History of Efficacy Review Criteria

Because most community-level interventions (CLIs) have study and design characteristics that do not lend themselves to evaluation with the efficacy criteria for ILIs/GLIs/CPLs, PRS developed efficacy criteria specific for identifying evidence-based CLIs in 2008. These revised criteria were developed as the result of multiple consultations with methodologists and HIV prevention researchers. The CLI efficacy criteria, like the ILI/GLI/CPL criteria, focus on quality of study design, quality of study implementation and analysis, and strength of evidence of efficacy. The CLI EBIs are also classified as either best- or good-evidence.

A CLI study is considered to be eligible for the efficacy review if it meets the definition of “community” and “community-level intervention study” listed below:

Community – A group of individuals that exists prior to the intervention whose members share one or more common characteristics and a common geographic area, and relate with one another in a way that may influence their HIV risk.

  • Common characteristic – a shared trait or feature or quality, which may include, but is not limited to, race/ethnicity, culture, religion, social economic status, education level, behavior, identity, customary beliefs or practices, social norms, and other underlying motivators.
  • Geographic area – a physical region, area, or medium (e.g., internet) where people live, congregate, or frequent.

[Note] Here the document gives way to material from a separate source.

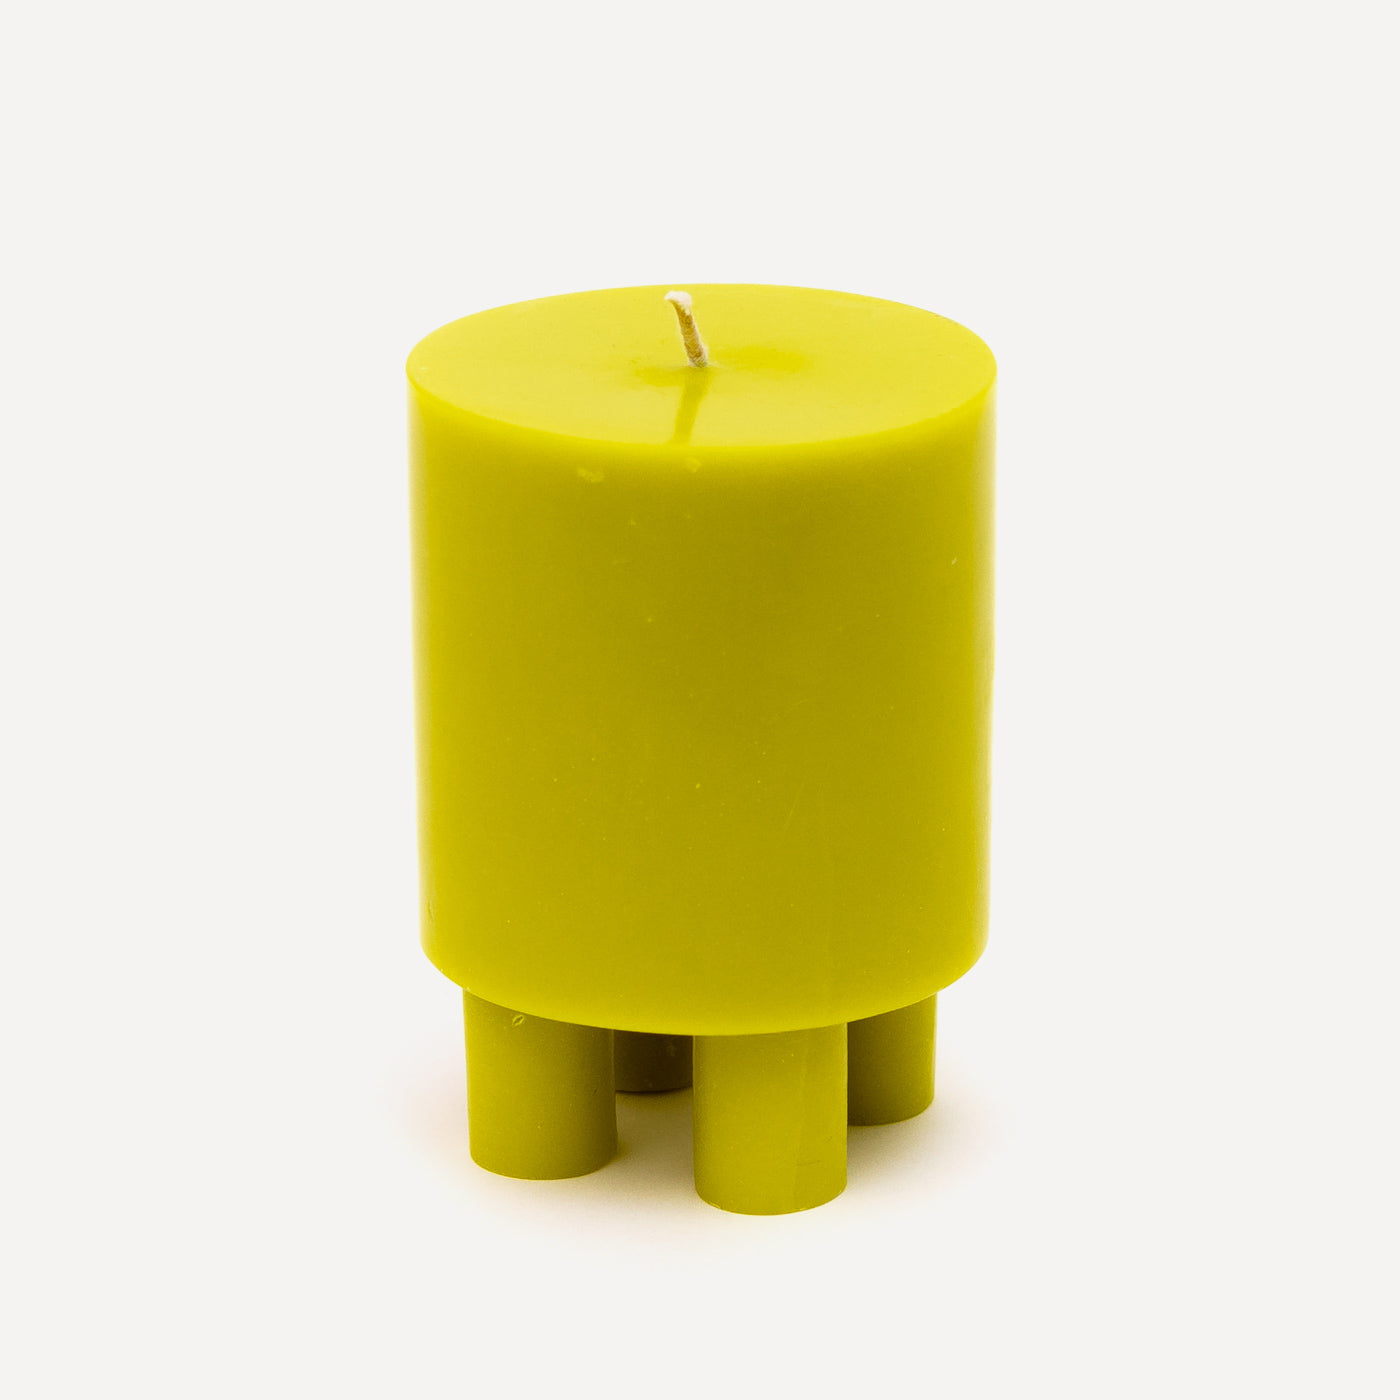 Stack Candle Prop, shaped candles by Yod and co in acid yellow

Community-level intervention (CLI) study – An evaluation study of an intervention intended to reduce the HIV risk of an entire community. A CLI study does the following:

  • Directly or indirectly influences the knowledge, attitudes, social norms, or behaviors of individuals in the targeted community.
  • Provides the intervention where individuals of the targeted community are likely to be; and
  • Delivers the intervention broadly (not only to those assessed) and broadly assesses community members (not only those who received the intervention).